Халтурщик кажется ангелом по сравнению с подхалимом, ханжой и лизоблюдом. Бороться с ними – это задача не только литературная.
Вот совершенно замечательный конец повести Кибальчича “Поросль”:
“Гребенкин после впрыскивания морфия открыл глаза, обвел мутным взглядом собравшихся и продолжал:
– Коммуна не должна погибнуть… мы вместе боролись за нее… Не забывайте великий завет великого Ильича: “Коллективизм – первое звено к социализму”… Не вводите анархию… Если бы Пикулева… Пикулева сюда… Меня убил Антон… Штанчик… неважно… они понесут свою кару… Жаль, нет Пикулева… Привет ему от меня… Я слышу великие перезвоны… это от коммун повсюду… слышен их звон… по всему миру города и села… деревни и столицы… все коммуны… все равны… все свободны… нет богатых и бедных… Про…о…щайте…
Григорий в последний раз откинул голову на подушку; глаза закрылись, веки сошлись, дыхание затихло.

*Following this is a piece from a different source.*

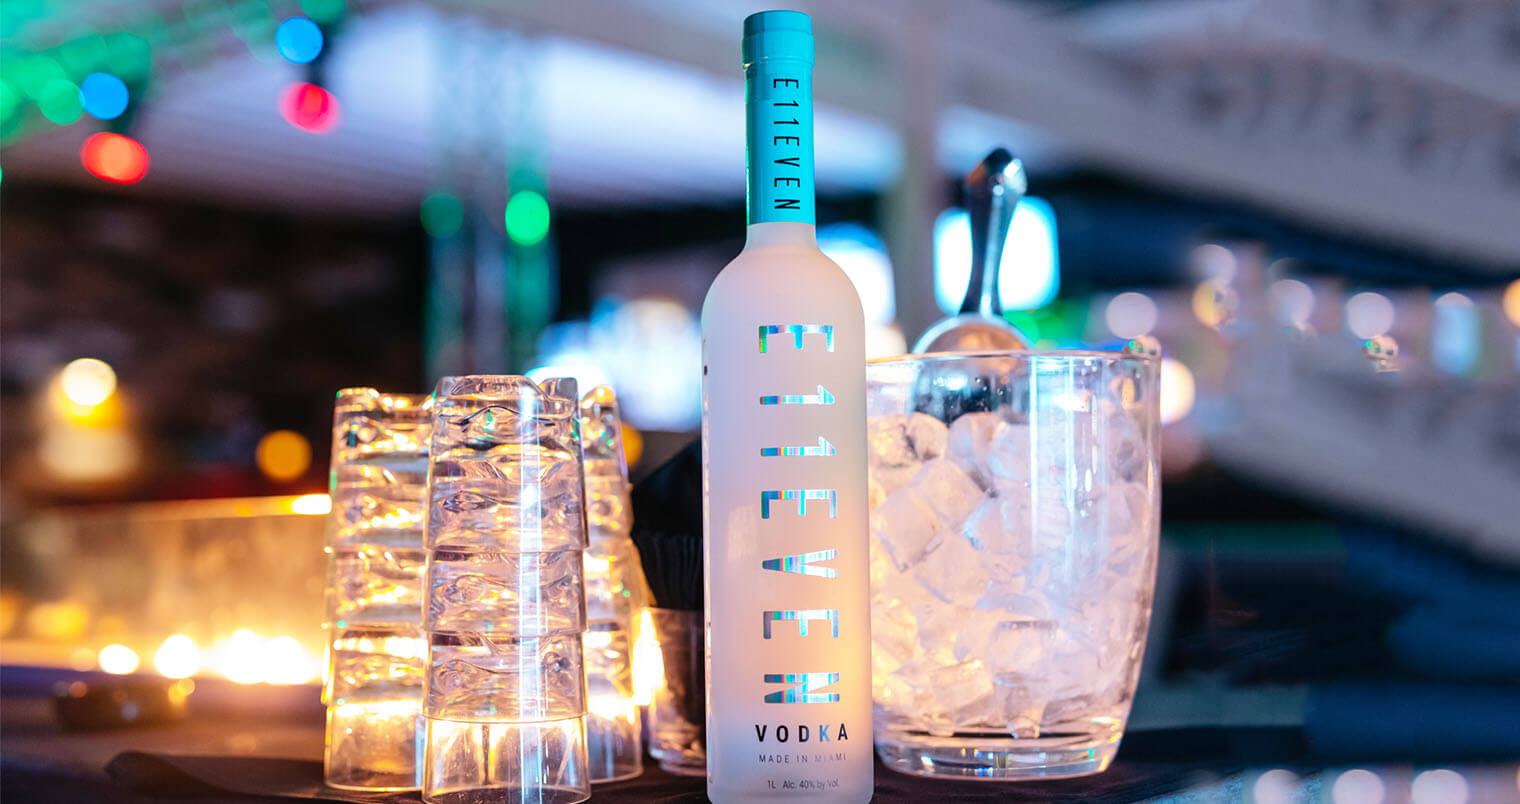 E11EVEN Vodka, featured image

Черноземного вождя не стало.
К воротам коммуны подъезжал автомобиль…”
Кибальчич вложил в уста умирающему целую “выдержанную” передовицу. Но это не для того, чтобы показать всю положительность героя – Гребенкина, а для того, чтобы читатель подумал: “Вот он какой советский – этот самый Кибальчич!”
В большинстве случаев делается так: ханжа и подхалим строго разделяют роли, – ханжа накачивает вокруг себя ореол рабочести, подхалим притворяется, что восхищен ореольчиком…
Кризис в литературе большой. Как его изжить? Мое мнение таково: нужно решительно и бесповоротно, раз навсегда, железной метлой…
Восьмой час утра. Я засыпаю…
Перо падает из моих ослабевших пальцев, и я еле успеваю (с большой неохотой) поставить свою фамилию под этими заметками.